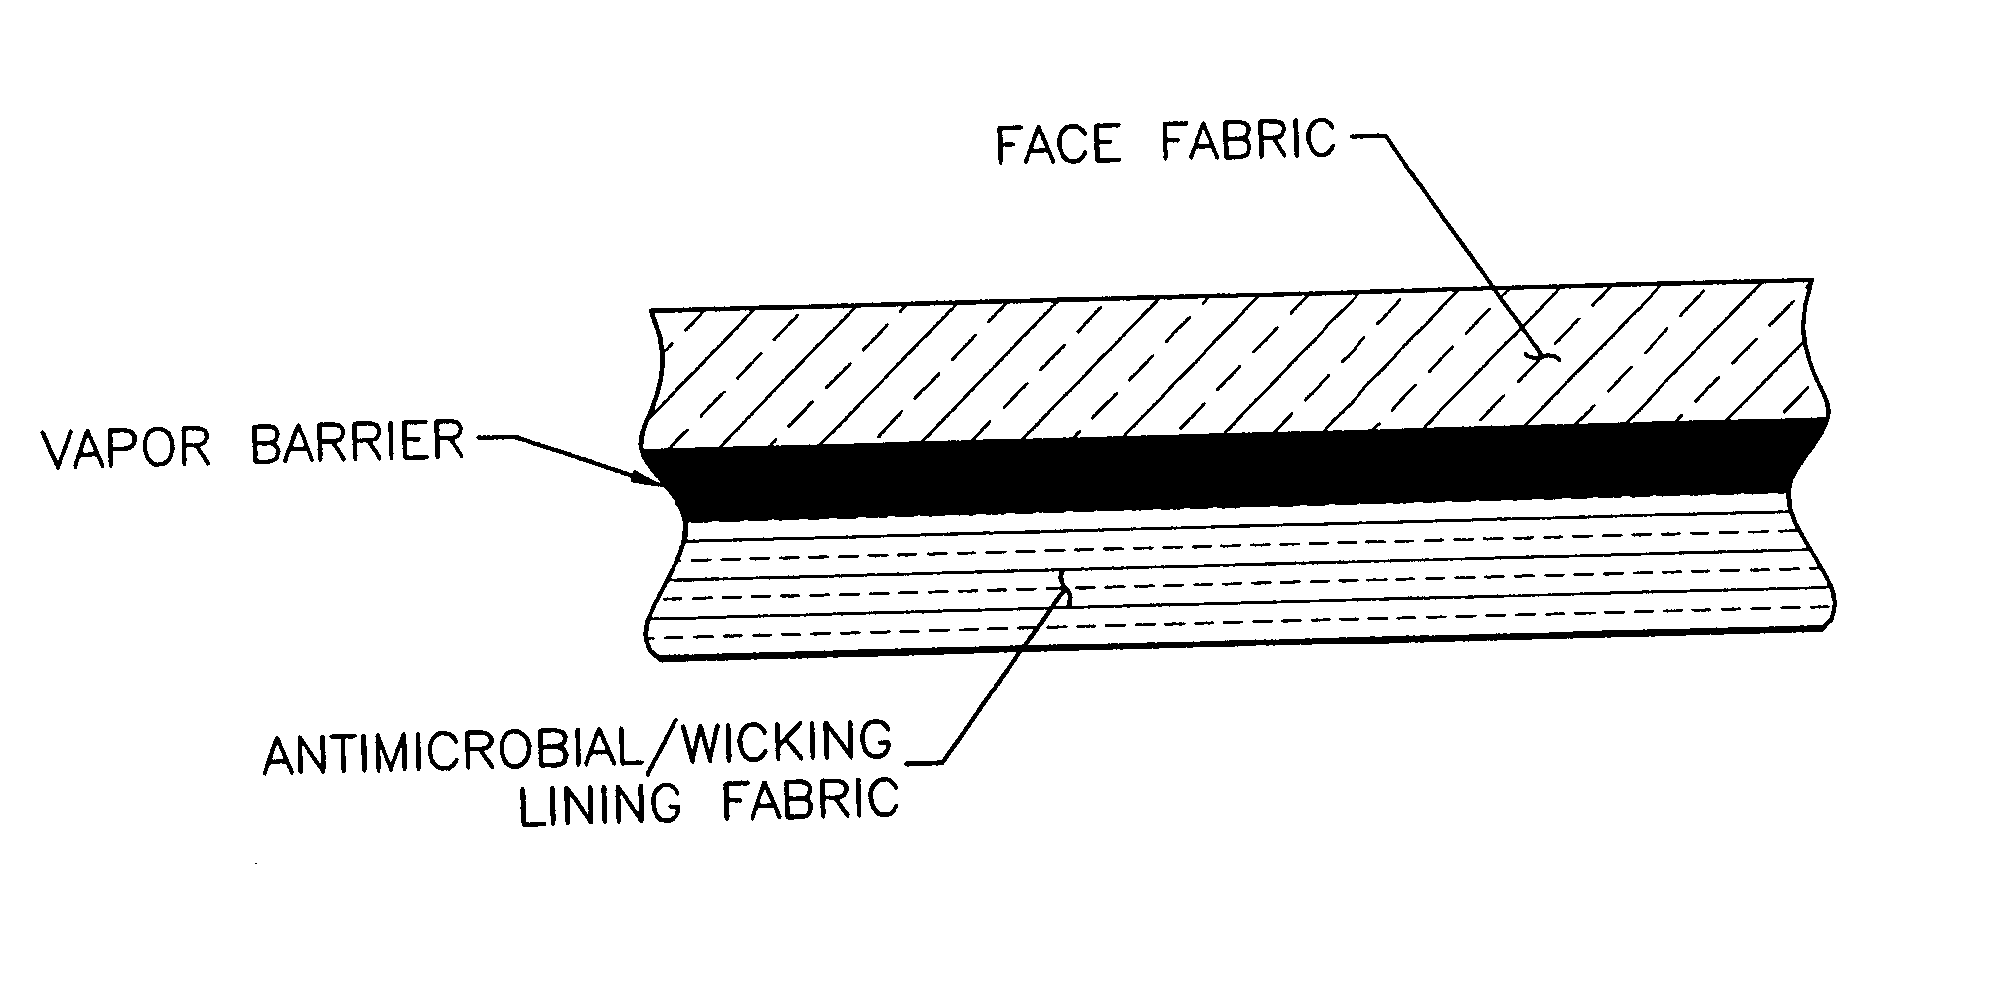 Multifunctional composite vapor barrier textile
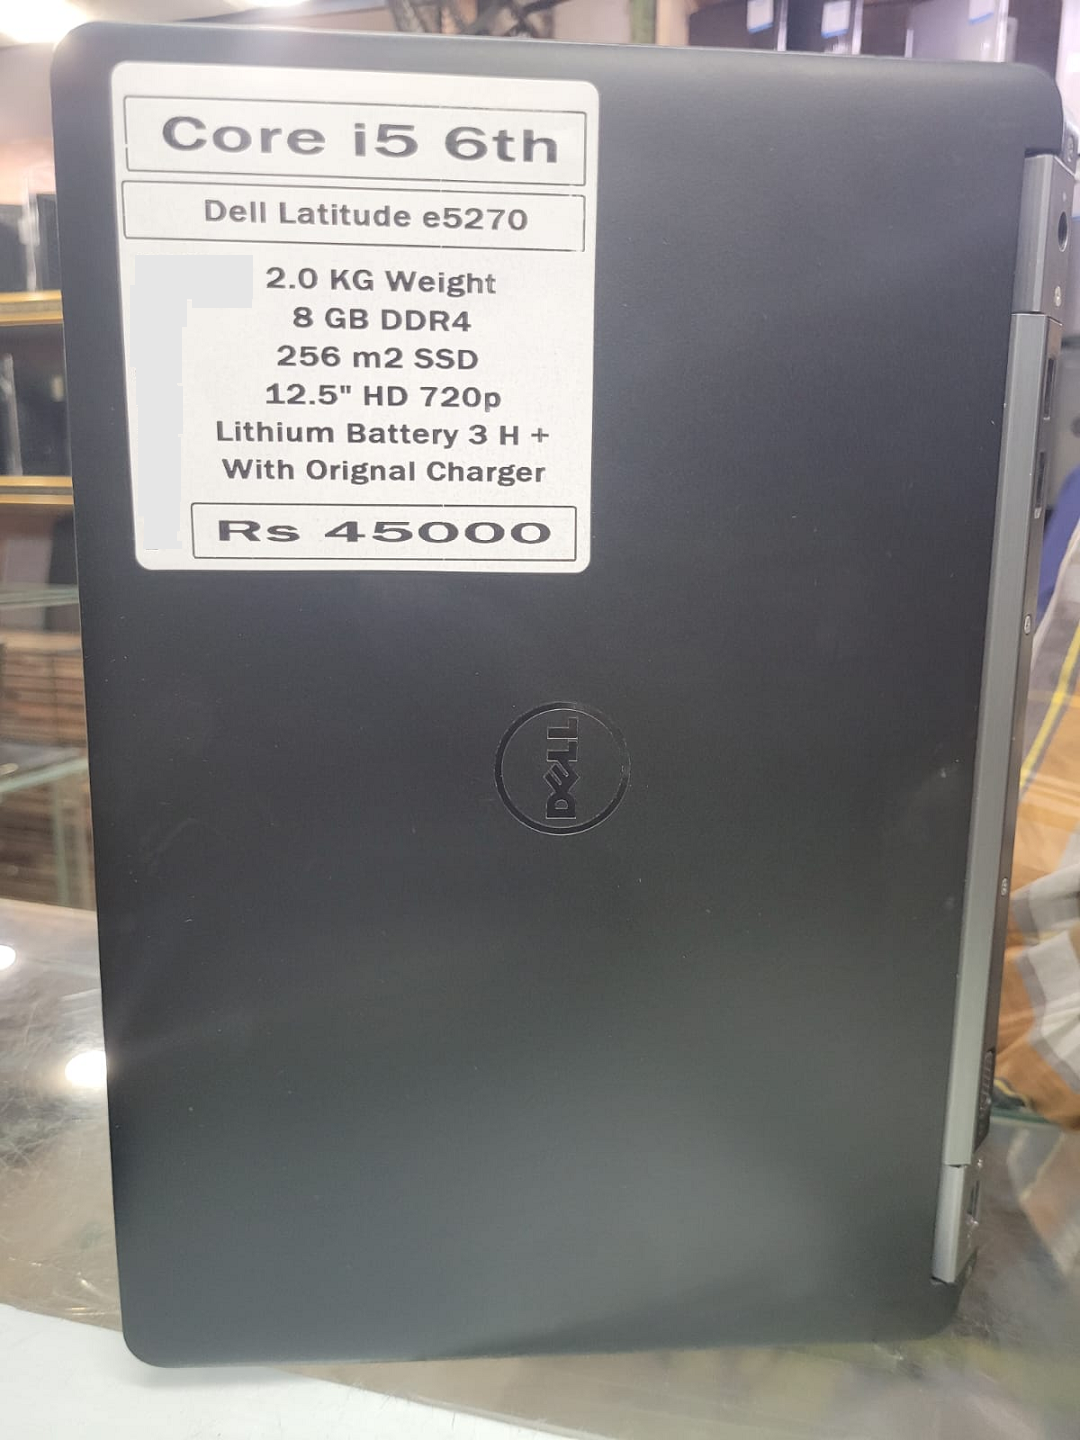 Dell latitude E5270 6th generation price in pakistan
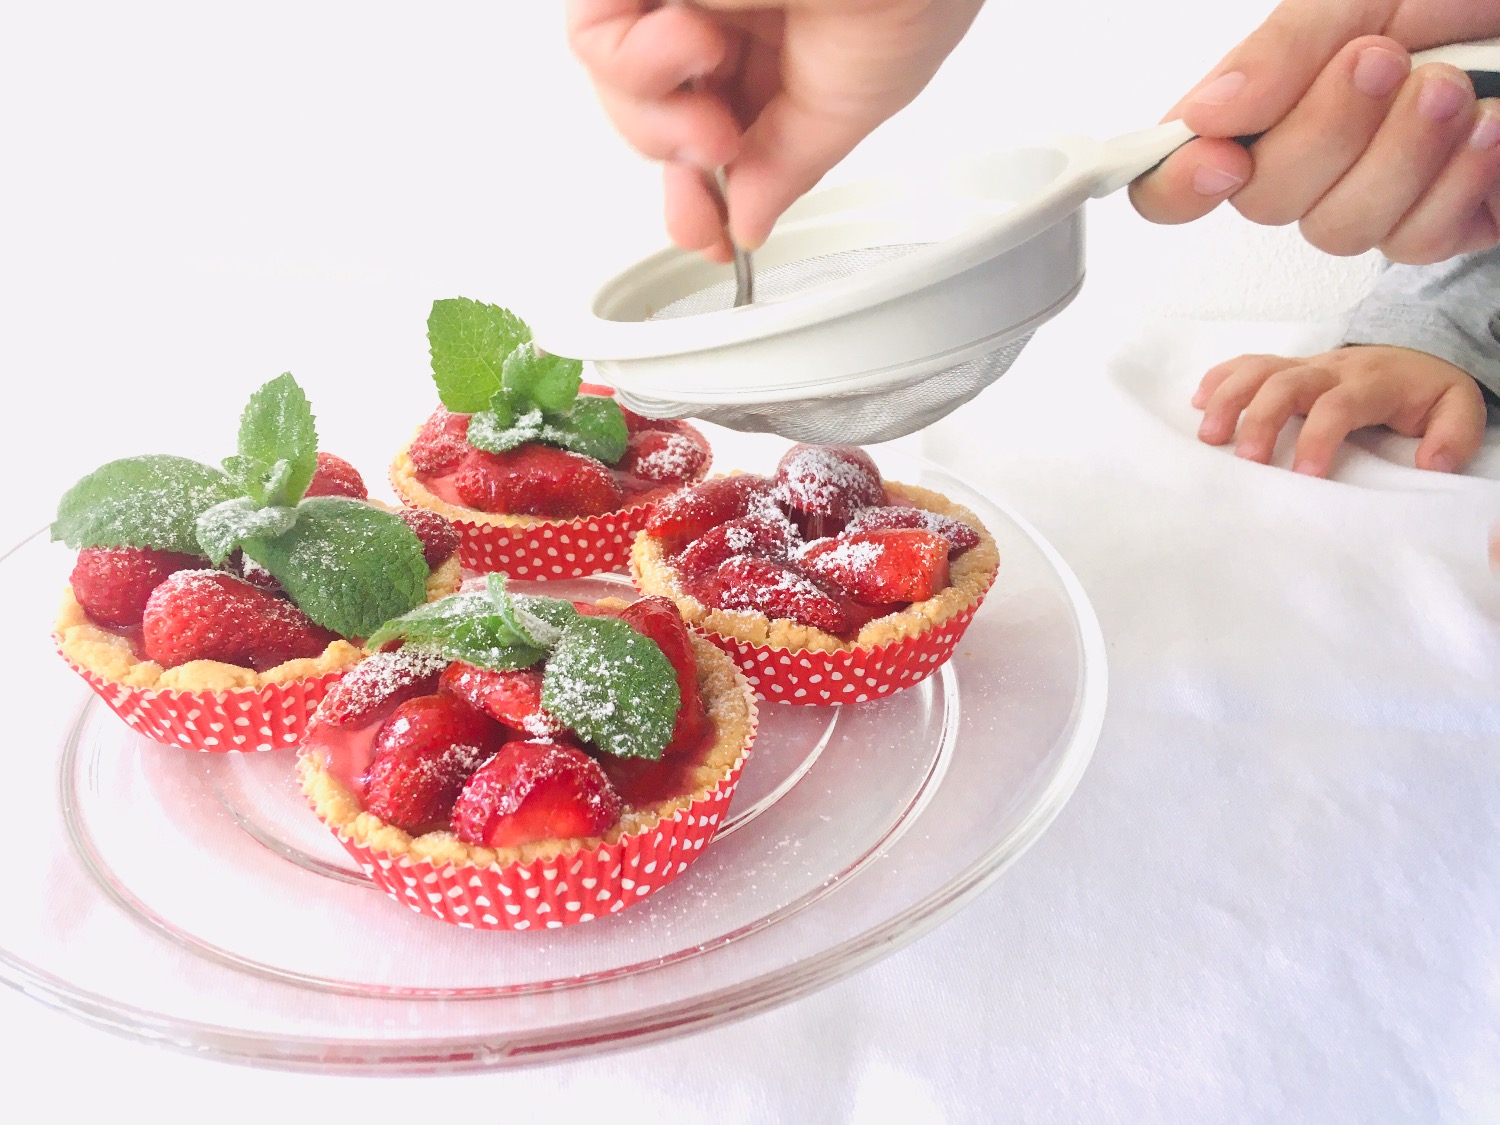 Titelbild zur Idee für die Beschäftigung mit Kindern 'Erdbeer-Tartelettes backen – glutenfrei & zuckerfrei'
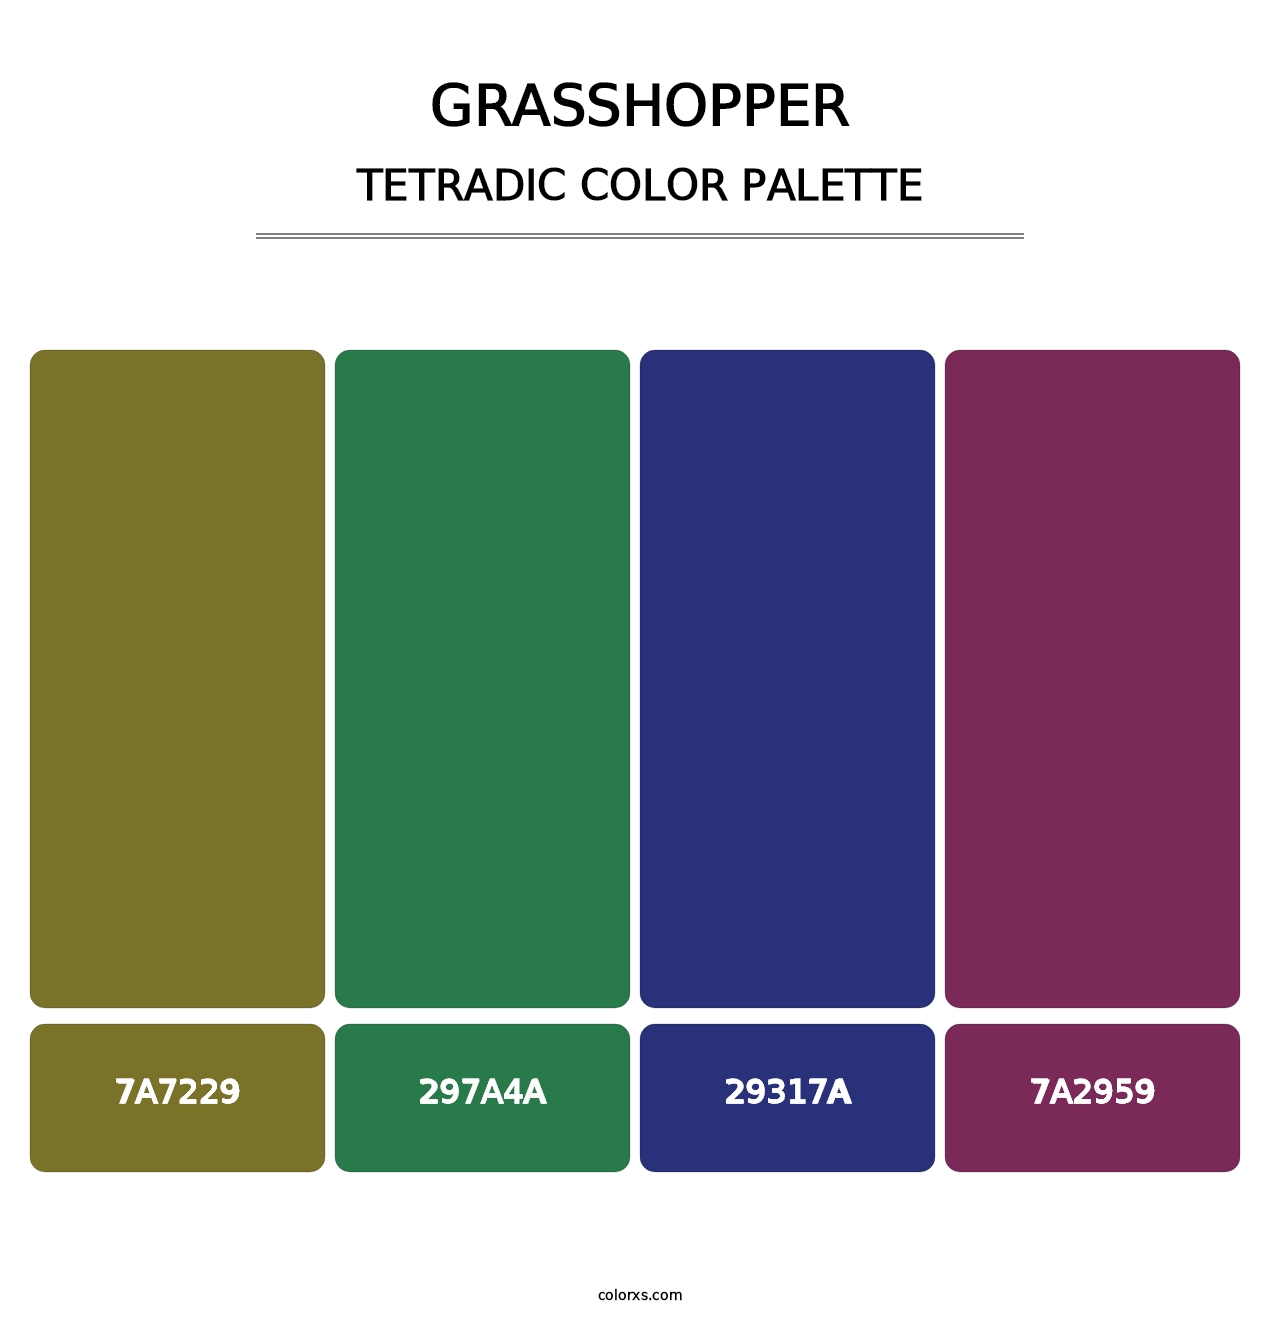 Grasshopper - Tetradic Color Palette
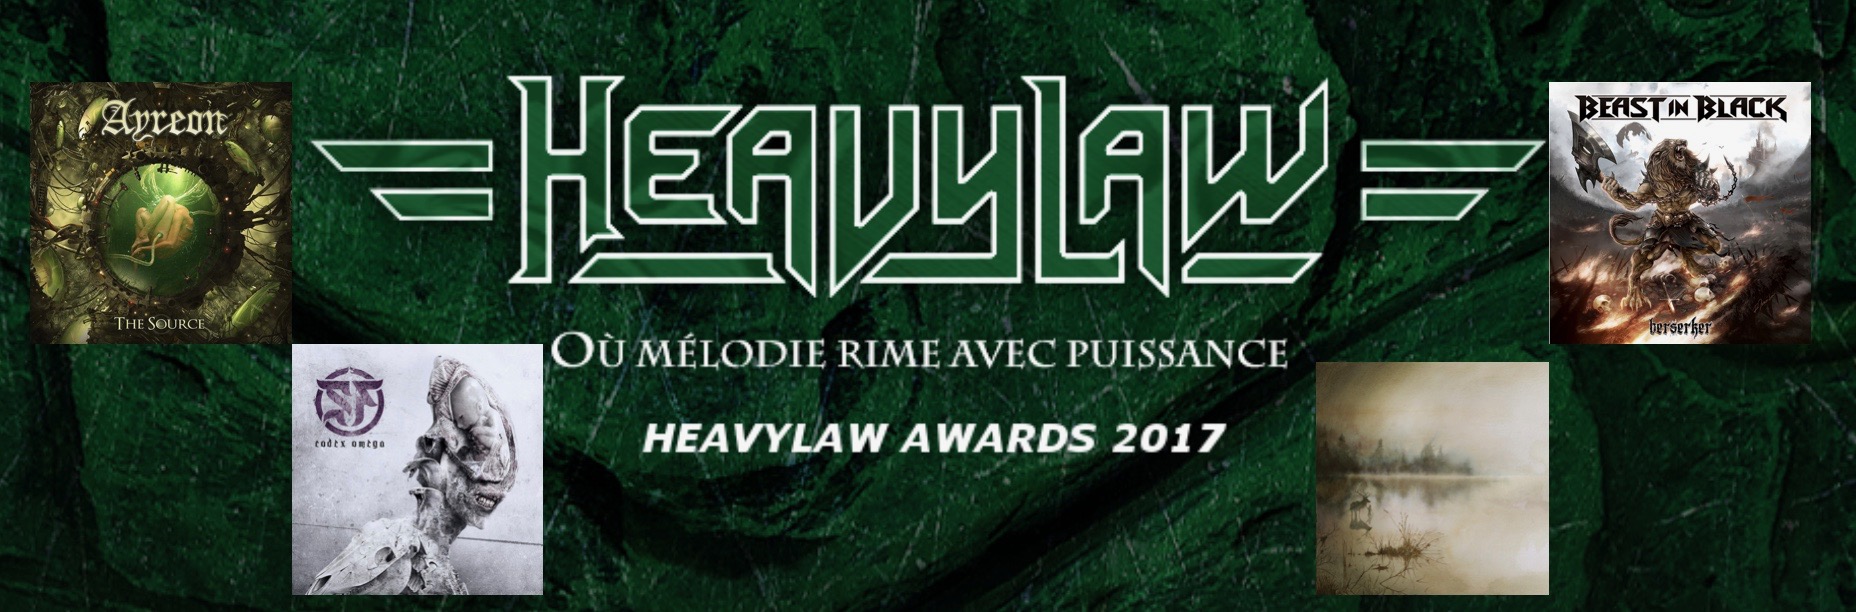 Heavylaw-Awards-2017

* * *

Return all material verbatim, pictures omitted.

 Multifunctional composite vapor barrier textile
 Dell latitude E5270 6th generation price in pakistan
 Titelbild zur Idee für die Beschäftigung mit Kindern 'Erdbeer-Tartelettes backen – glutenfrei & zuckerfrei'
 Grasshopper - Tetradic Color Palette
 Heavylaw-Awards-2017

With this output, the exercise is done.